Project-URL: Homepage, https://github.com/saahilpal/synap-git
Project-URL: Repository, https://github.com/saahilpal/synap-git
Project-URL: Issues, https://github.com/saahilpal/synap-git/issues
Project-URL: Changelog, https://github.com/saahilpal/synap-git/blob/main/CHANGELOG.md
Author: Synap contributors
License: Apache-2.0
License-File: LICENSE.md
Keywords: ai,context,developer-tools,git,mcp,repository-indexing
Classifier: Development Status :: 4 - Beta
Classifier: Intended Audience :: Developers
Classifier: License :: OSI Approved :: Apache Software License
Classifier: Operating System :: OS Independent
Classifier: Programming Language :: Python :: 3
Classifier: Programming Language :: Python :: 3.12
Classifier: Topic :: Software Development :: Build Tools
Classifier: Topic :: Software Development :: Libraries :: Python Modules
Requires-Python: >=3.11
Requires-Dist: click==8.1.8
Requires-Dist: fastapi==0.115.11
Requires-Dist: gitpython==3.1.44
Requires-Dist: httpx==0.28.1
Requires-Dist: keyring==25.6.0
Requires-Dist: markdown-it-py==3.0.0
Requires-Dist: mcp==1.3.0
Requires-Dist: msgpack==1.1.0
Requires-Dist: prompt-toolkit<3.0.44
Requires-Dist: pydantic-settings==2.8.1
Requires-Dist: pydantic==2.10.6
Requires-Dist: questionary==2.1.0
Requires-Dist: structlog==25.1.0
Requires-Dist: tiktoken==0.9.0
Requires-Dist: tree-sitter-languages==1.10.2
Requires-Dist: tree-sitter==0.20.4
Requires-Dist: typer==0.15.1
Requires-Dist: uvicorn==0.34.0
Provides-Extra: dev
Requires-Dist: bandit==1.8.3; extra == 'dev'
Requires-Dist: mypy==1.15.0; extra == 'dev'
Requires-Dist: pre-commit==4.1.0; extra == 'dev'
Requires-Dist: pytest-asyncio==0.25.3; extra == 'dev'
Requires-Dist: pytest-cov==6.0.0; extra == 'dev'
Requires-Dist: pytest-timeout==2.3.1; extra == 'dev'
Requires-Dist: pytest==8.3.4; extra == 'dev'
Requires-Dist: ruff==0.9.9; extra == 'dev'
Description-Content-Type: text/markdown

# Synap

Local Git-aware structural context engine for AI coding agents.

[![CI Status](https://github.com/saahilpal/synapse/actions/workflows/ci.yml/badge.svg)](https://github.com/saahilpal/synapse/actions)
[![Version](https://img.shields.io/pypi/v/synap-git?color=3b82f6)](https://pypi.org/project/synap-git/)
[![Python Version](https://img.shields.io/pypi/pyversions/synap-git)](https://pypi.org/project/synap-git/)
[![License](https://img.shields.io/github/license/saahilpal/synapse?color=cbd5e1)](LICENSE.md)

## The Problem

Context windows of AI coding agents become cluttered when fed raw codebase dumps, causing token waste.

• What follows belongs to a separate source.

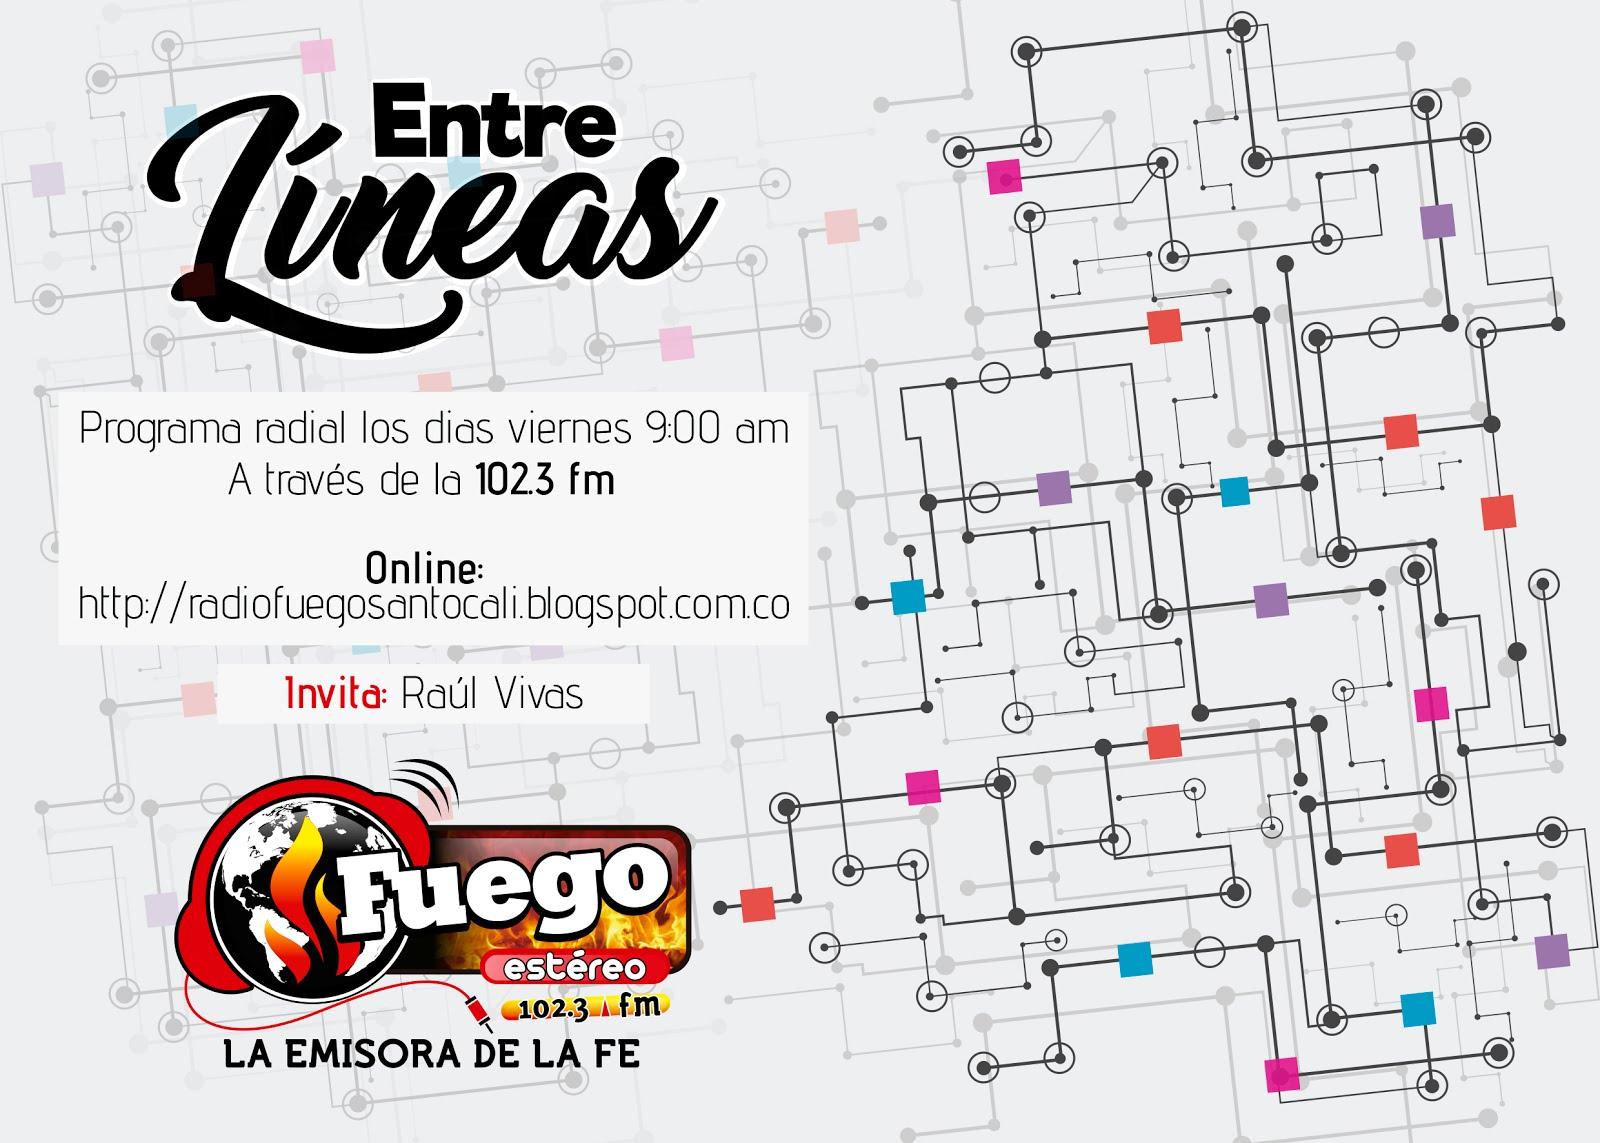 ENTRE LINEAS (PROGRAMA RADIAL)

Standard vector search systems return isolated snippets that lack import relations, class hierarchies, and file-dependency bonds. Switching branches or checking out older commits disrupts agent operations, causing repetitive code failures.

## What It Does

Synap builds a local structural code graph and a file-level markdown wiki synced to your Git commit history. It stores code symbols and dependency edges in a local SQLite database, generating L3 behavioral memory checkpoints and lessons. Coding agents receive structured, token-bounded context packages through a Model Context Protocol (MCP) server.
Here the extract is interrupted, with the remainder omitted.